LUSTR: a new customizable tool for calling genome-wide germline and somatic short tandem repeat variants
Jinfeng Lu,
Camilo Toro,
David R. Adams,
Undiagnosed Diseases Network,
Cristiane Araujo Martins Moreno,
Wan-Ping Lee,
Yuk Yee Leung,
Mathew B. Harms,
Badri Vardarajan,
Erin L. Heinzen
Affiliations
Jinfeng Lu
Division of Pharmacotherapy and Experimental Therapeutics, Eshelman School of Pharmacy, University of North Carolina at Chapel Hill
Camilo Toro
NIH Undiagnosed Diseases Program, National Human Genome Research Institute (NHGRI), National Institutes of Health
David R. Adams
NIH Undiagnosed Diseases Program, National Human Genome Research Institute (NHGRI), National Institutes of Health
Undiagnosed Diseases Network
NIH Undiagnosed Diseases Program, National Human Genome Research Institute (NHGRI), National Institutes of Health
Cristiane Araujo Martins Moreno
Neurology Department, Universidade de São Paulo
Wan-Ping Lee
Penn Neurodegeneration Genomics Center, Department of Pathology and Laboratory MedicinePerelman School of Medicine, University of Pennsylvania
Yuk Yee Leung
Penn Neurodegeneration Genomics Center, Department of Pathology and Laboratory MedicinePerelman School of Medicine, University of Pennsylvania
Mathew B. Harms
Department of Neurology, Division of Neuromuscular Medicine, Columbia University Irving Medical Center
Badri Vardarajan
The Taub Institute for Research On Alzheimer’s Disease and the Aging Brain, Gertrude H. Sergievsky Center, Department of Neurology, College of Physicians and Surgeons, Columbia University, The New York Presbyterian Hospital
Erin L. Heinzen
Division of Pharmacotherapy and Experimental Therapeutics, Eshelman School of Pharmacy, University of North Carolina at Chapel Hill
Abstract Background Short tandem repeats (STRs) are widely distributed across the human genome and are associated with numerous neurological disorders. However, the extent that STRs contribute to disease is likely under-estimated because of the challenges calling these variants in short read next generation sequencing data. Several computational tools have been developed for STR variant calling, but none fully address all of the complexities associated with this variant class.
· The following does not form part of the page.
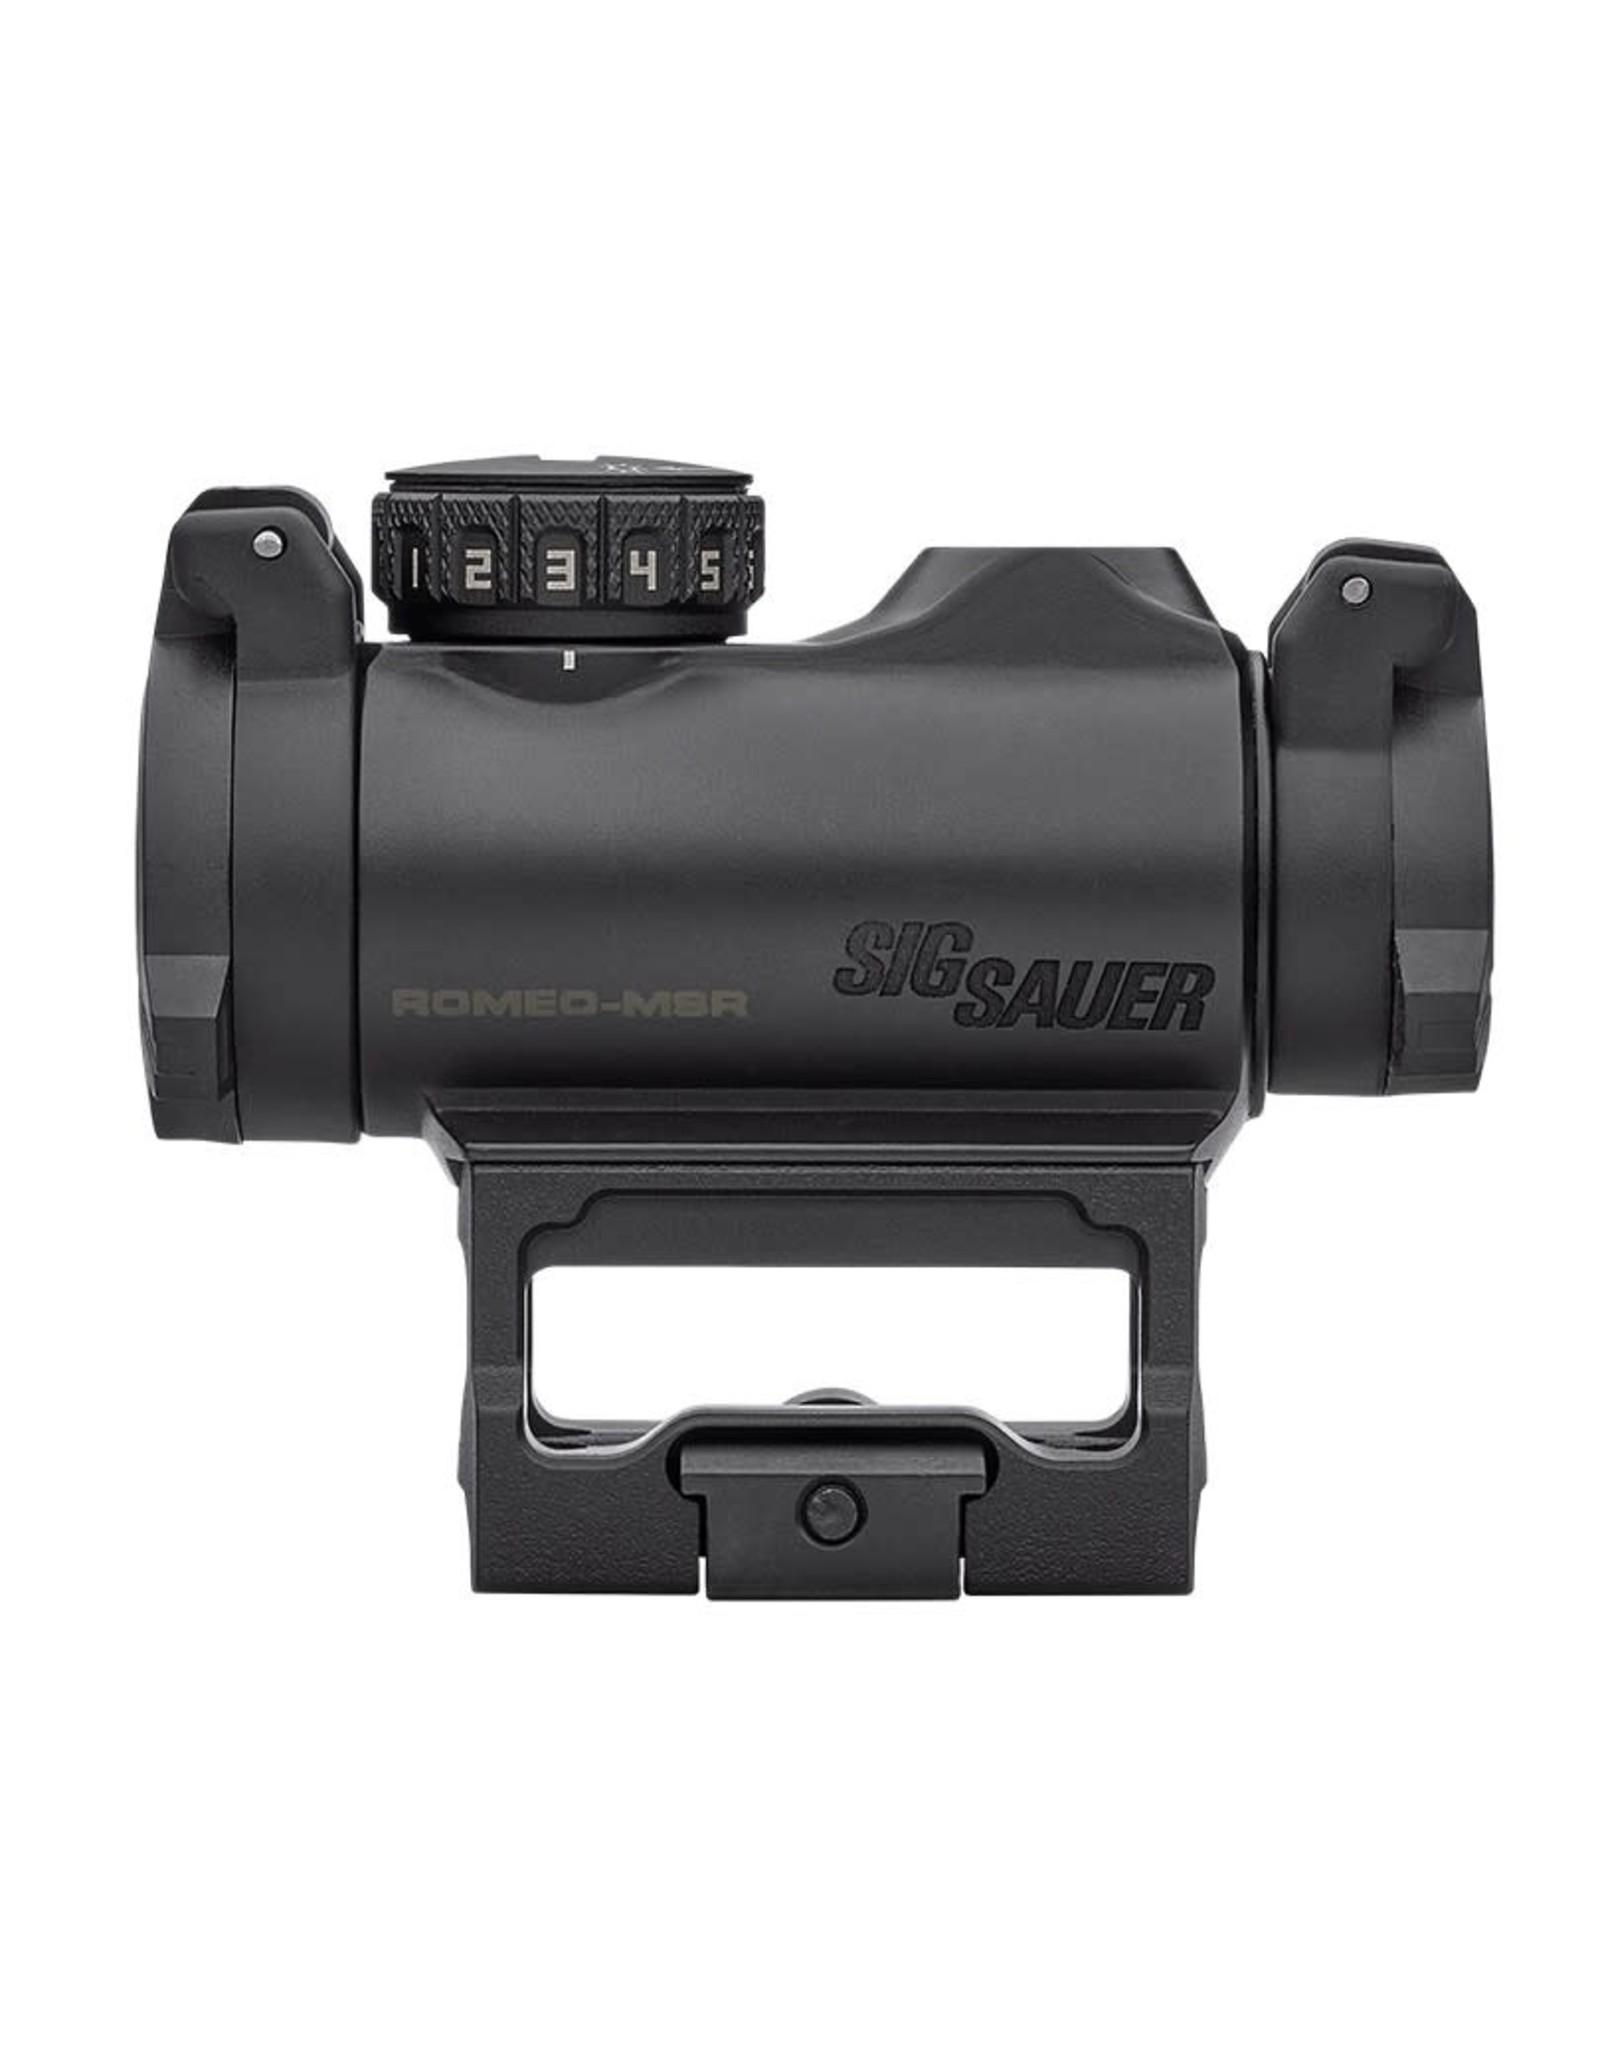 Sig Sauer Sig Sauer Romeo-MSR Compact Red Dot Sight

Results Here we introduce LUSTR which is designed to address some of the challenges associated with STR variant calling by enabling more flexibility in defining STR loci, allowing for customizable modules to tailor analyses, and expanding the capability to call somatic and multiallelic STR variants. LUSTR is a user-friendly and easily customizable tool for targeted or unbiased genome-wide STR variant screening that can use either predefined or novel genome builds. Using both simulated and real data sets, we demonstrated that LUSTR accurately infers germline and somatic STR expansions in individuals with and without diseases. Conclusions LUSTR offers a powerful and user-friendly approach that allows for the identification of STR variants and can facilitate more comprehensive studies evaluating the role of pathogenic STR variants across human diseases.